Industrial Control Systems Network Mapping and Data Analytics for Cybersecurity
Brian Kelley | 19-ERD-021
Project Overview
The need for new characterization methods for modern Industrial Control System (ICS) communication networks and hosts is motivated by a confluence of technological evolution and nation-state adversary focus, where our most critical infrastructures, and thus our society at large, are more vulnerable to abuse as they transform into advanced cyber-physical systems. Knowing the composition of ICS networks and their behavior is the first step towards securing them. Common methods for characterizing network hosts are primarily signature and rule-based; they depend on explicitly defined semantics of communication protocol data, and in some cases, active interrogation of network hosts. The primary objective of this project was to investigate new Machine Learning (ML) methods for discovering and predicting ICS network and host properties using only passively collected communication network data. This resulted in new feature representations that capture ICS device behavior, which ultimately yields useful information about ICS hosts without actively interrogating them and without explicit semantic knowledge of the network communication protocols. One approach is based on an unsupervised neural network method, IP2Vec, for learning vector representations of IP addresses. This method is augmented to include network traffic statistics and ICS protocol field values as features, which significantly improves the accuracy of ML classifiers when applied to the learning tasks of distinguishing between ICS and non-ICS network flows, and distinguishing ICS device manufacturer and model number. Another approach is based on a deep learning sequence-to-sequence model (Seq2Seq) for time-series forecasting. This method accurately predicts ICS network dynamics, which addresses problems of ICS data sparsity, model construction for cyber-physical resilience simulations, and verification of ICS device classification methods. The prospect for these new methods is substantial because they implicitly adapt to new communication protocols without disturbing the state of a network and can be integrated into existing tools to automate parts of the ICS security assessment process.
Mission Impact
The continuous and proper functioning of our nation's critical infrastructure is key to our national security and society at large, and ICS will only continue to expand and evolve into the cyber domain.
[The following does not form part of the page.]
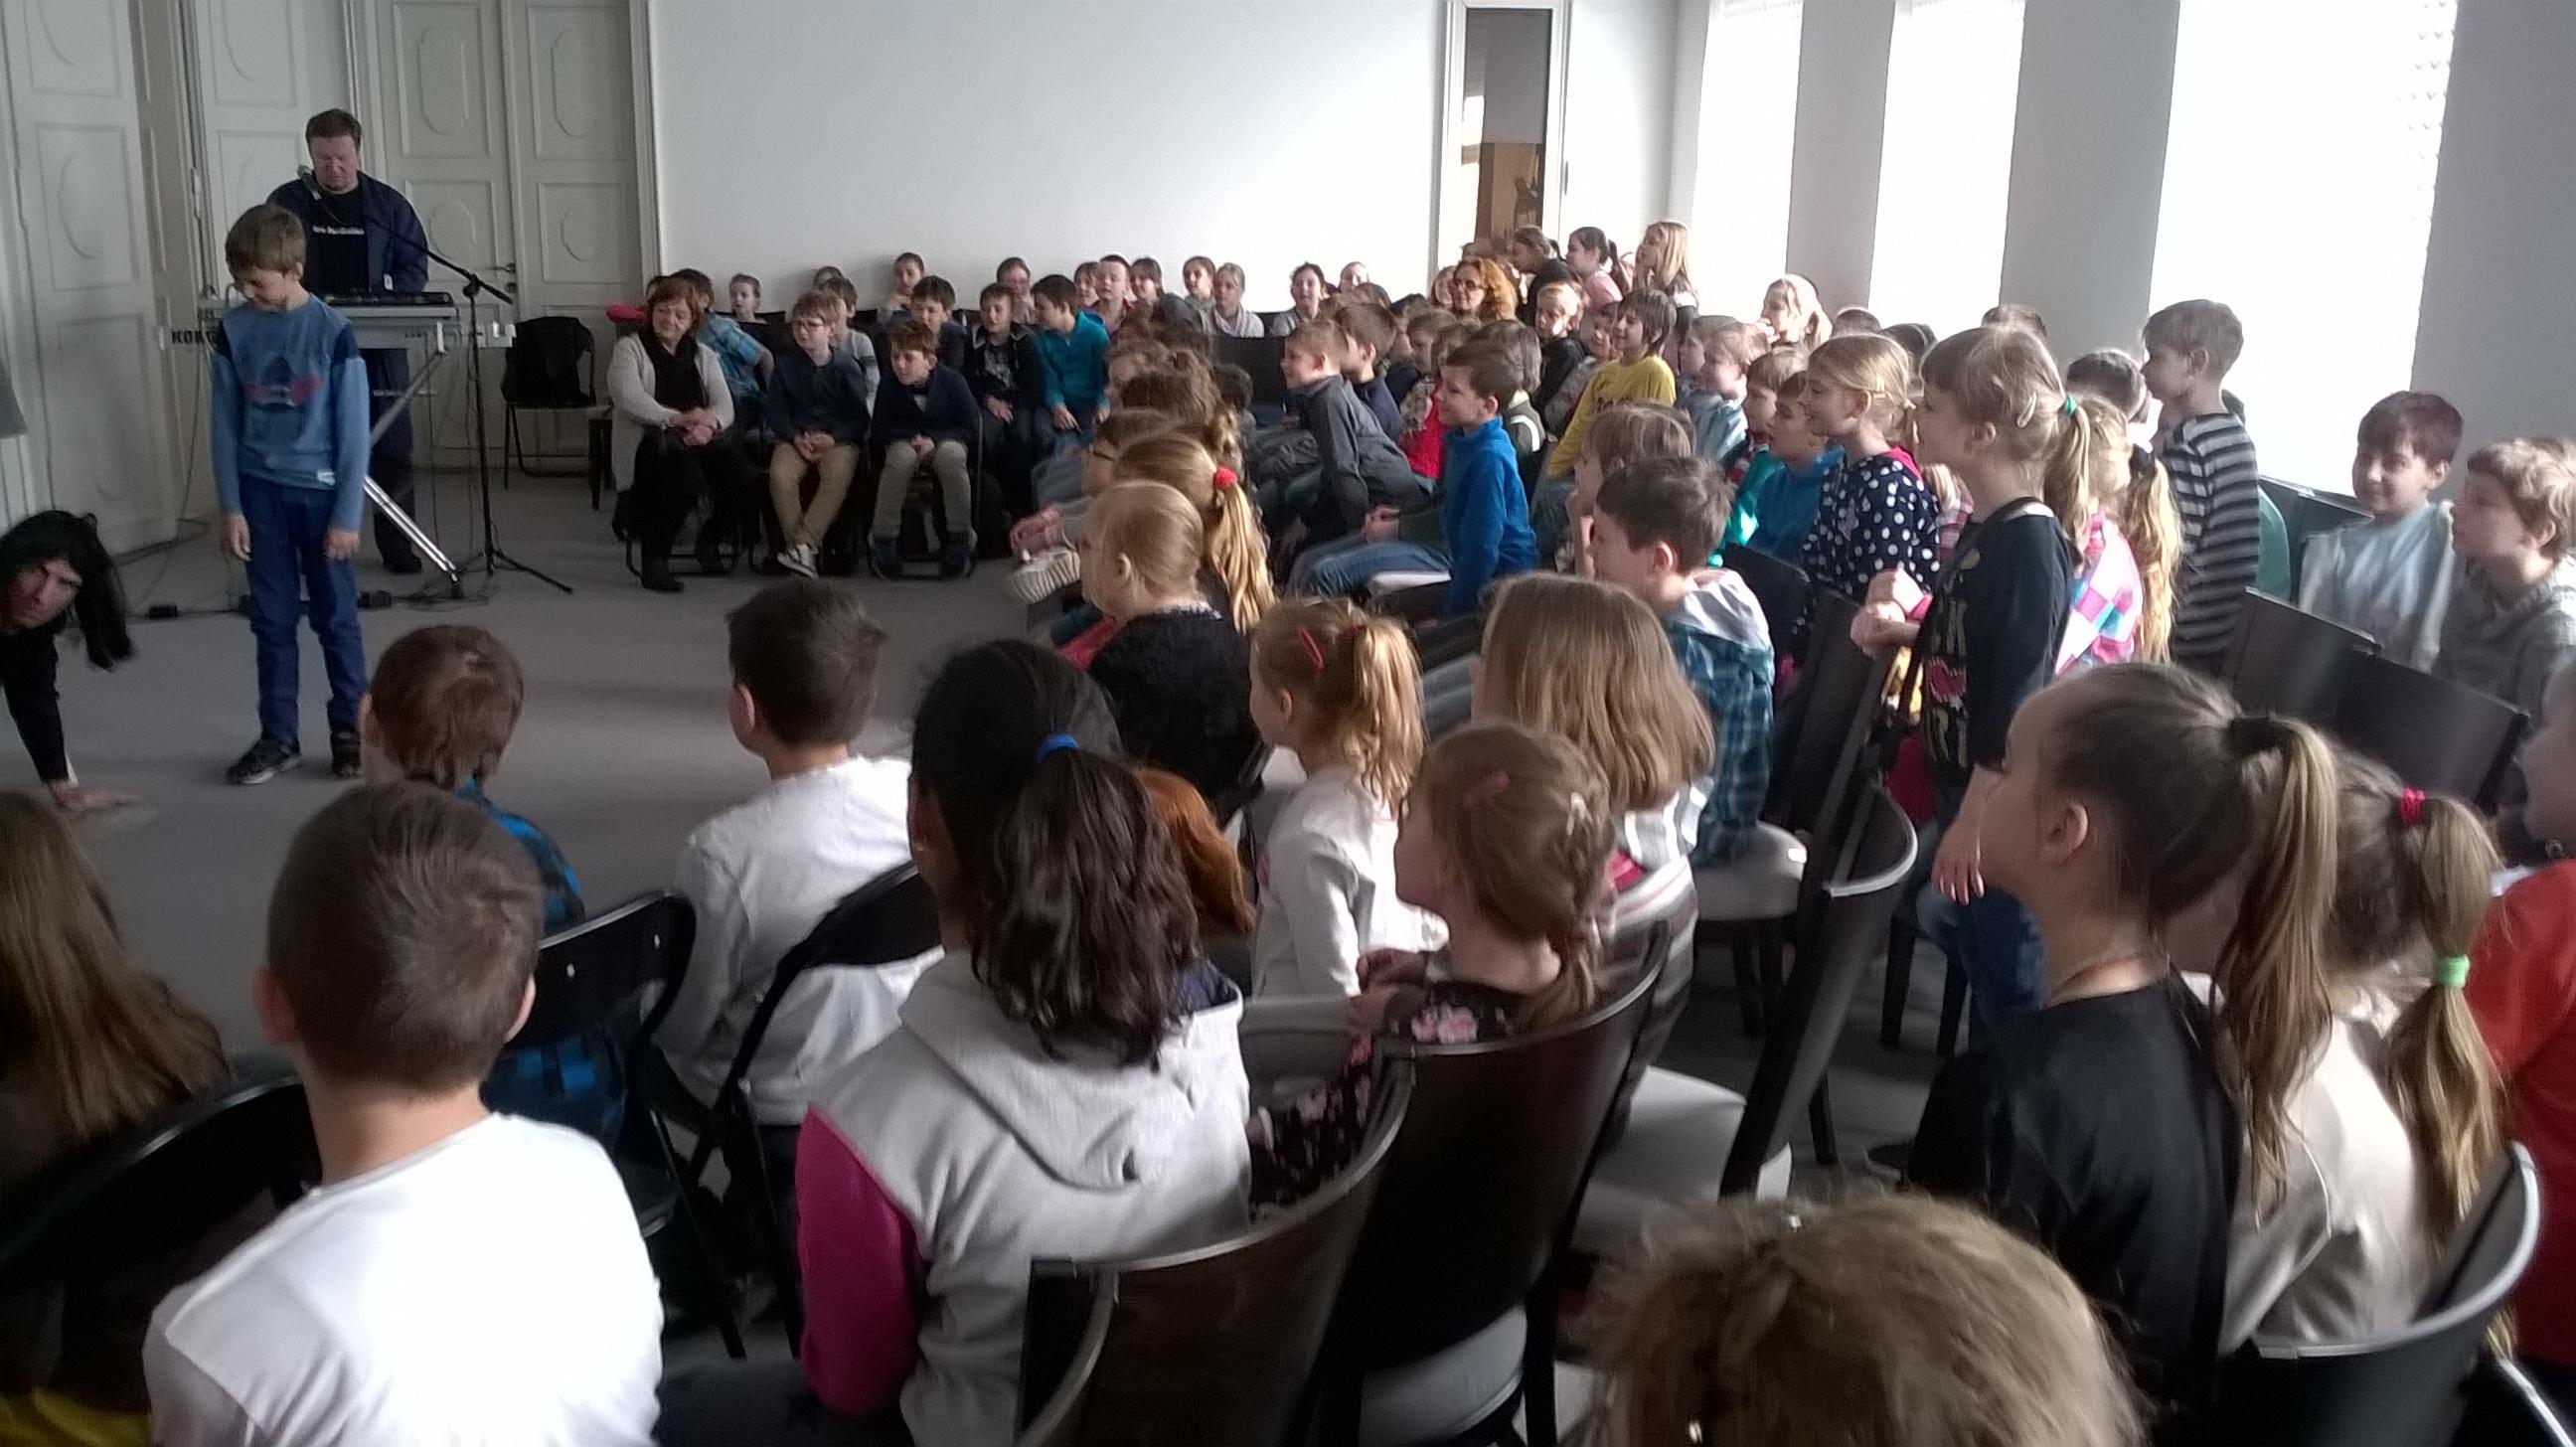 Výchovný koncert v Zichyho paláci

Our ML methods for learning the behavior of ICS networks and hosts represents a new Laboratory capability that contributes to our nation's ability to secure critical infrastructure from cyberattack by providing relevant ICS device characterization services for constructing asset lists, assessing the security posture of ICS devices, assisting network analysts, and enhancing cyber-physical resilience simulations. This project supports the high-performance computing, simulation, and data science core competency, and addresses the Laboratory's cybersecurity and cyber-physical resilience mission research challenge by focusing specifically on the areas of cyber-physical characterization and characterizing complex network system behavior. Execution of this project has enhanced the Laboratory's workforce through the hiring of new staff, and education of the workforce on ICS security. As an outcome of this project, new engagements with federal agencies have already begun, and collaborations leveraging our ICS device characterization technology are being developed.
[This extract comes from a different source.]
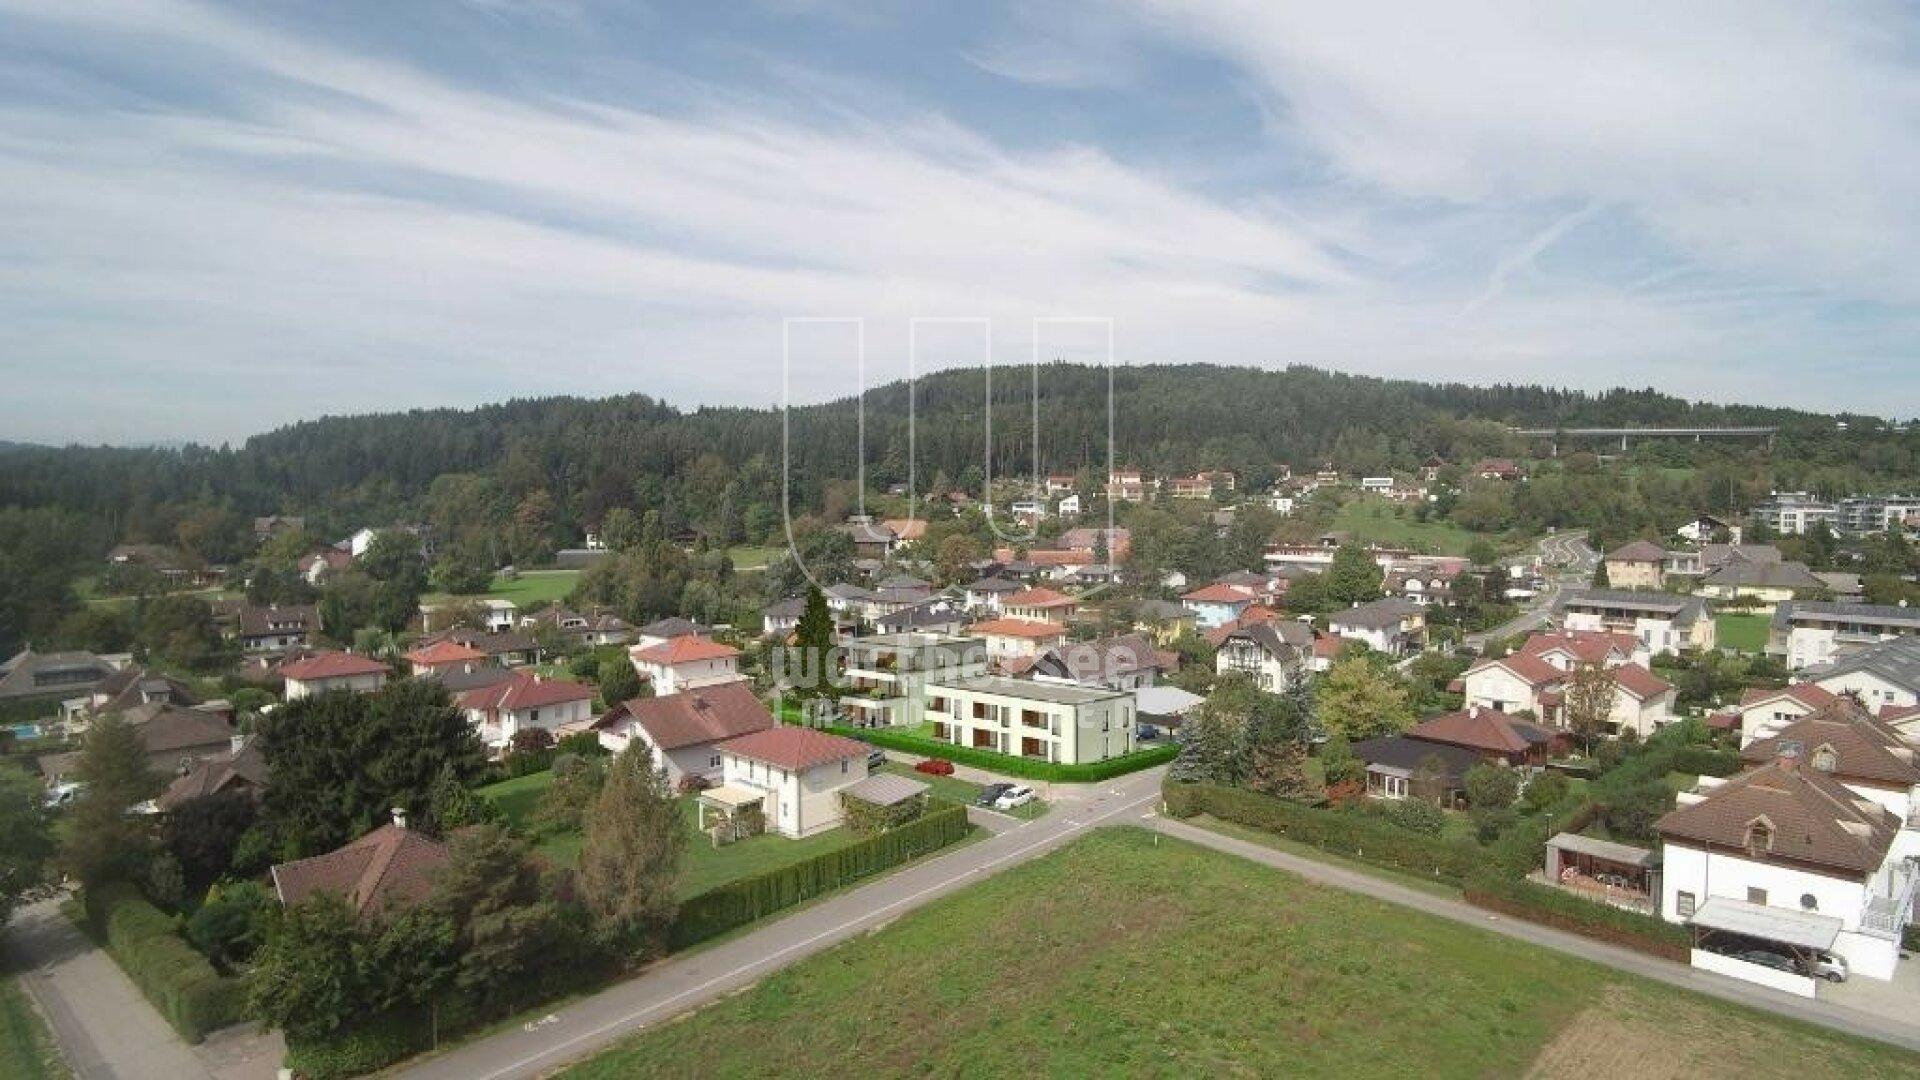 Montage- Luftbild mit Objekt ©plangrafik.com

Publications, Presentations, and Patents
Merl, D., et al. 2019. Towards Machine Learning Enabled Mapping Services for Industrial Control Systems. LLNL. LLNL-TR-795524.
Reed, E. D., et al., 2019. Device Identification in Industrial Control Systems .LLNL. LLNL-POST-785247.
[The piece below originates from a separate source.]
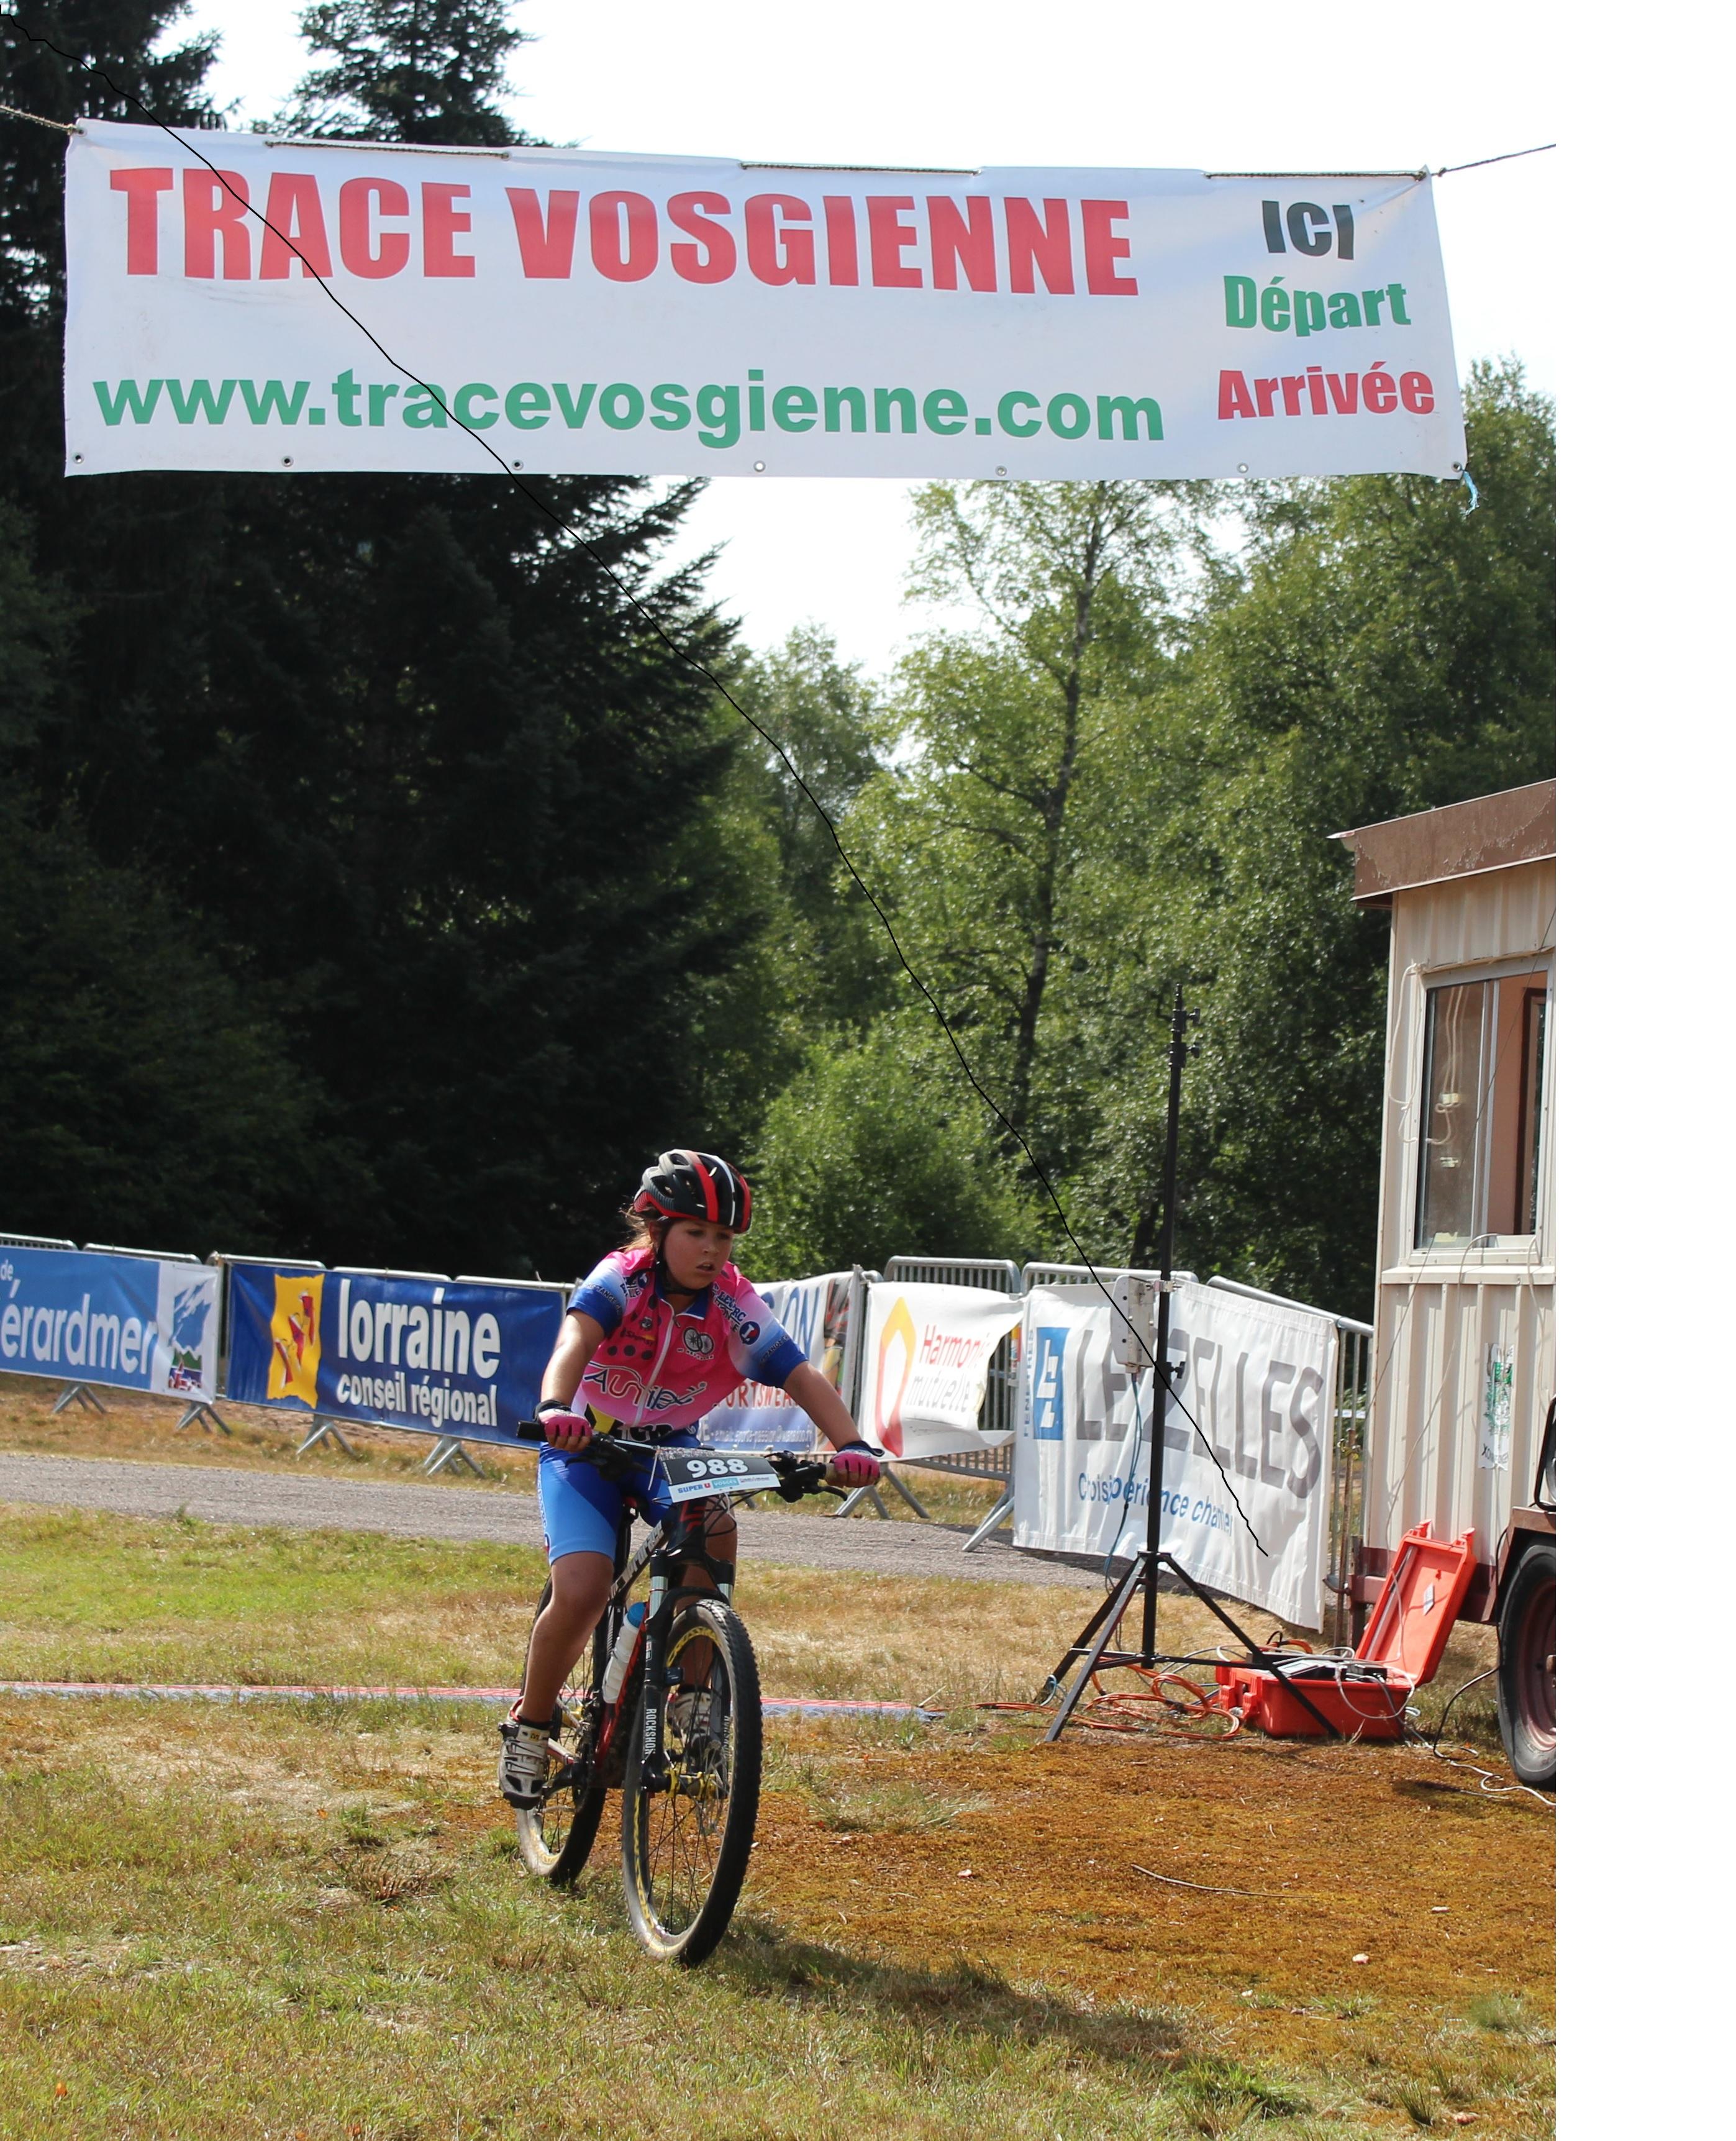 VTT «La Trace Vosgienne» à Xonrupt  : dans la catégorie Pupilles – Claire Zeimeth l'emporte chez les Filles et Paul Smykowski se classe second chez les Garçons

Kelley, B. M., et al., 2020a. Machine Learning for Mapping Industrial Control Systems: New Discovery Methods for Infrastructure Cybersecurity.LLNL. LLNL-POST-806197.
Kelley, B. M., et al., 2020b. Industrial Control System Mapping and Data Analytics for Cybersecurity. LLNL. LLNL-PRES-817438.
Kelley, B. M., et al. 2021a. A Neural Network Embedding of Distributed Network Protocol version 3 (DNP3) Features for Classification of Industrial Control System (ICS) Devices. LLNL. LLNL-IL-13660.
Chakraborty, I., et al. 2021a. "Industrial Control System Device Classification using Network Traffic Features and Neural Network Embeddings." To appear in Array. LLNL-JRNL-819535.
Chakraborty, I., et al. 2021b. Device Classification for Industrial Control Systems using Predicted Traffic Features. LLNL. LLNL-JRNL-825779.
Kelley, B. M., et al. 2021b. Real-Time Classification of Industrial Control System Devices. LLNL. LLNL-TR-827318.
Chakraborty, I., et al. 2021c. Generative Model based Traffic Feature Prediction. LLNL. LLNL-IL-13697.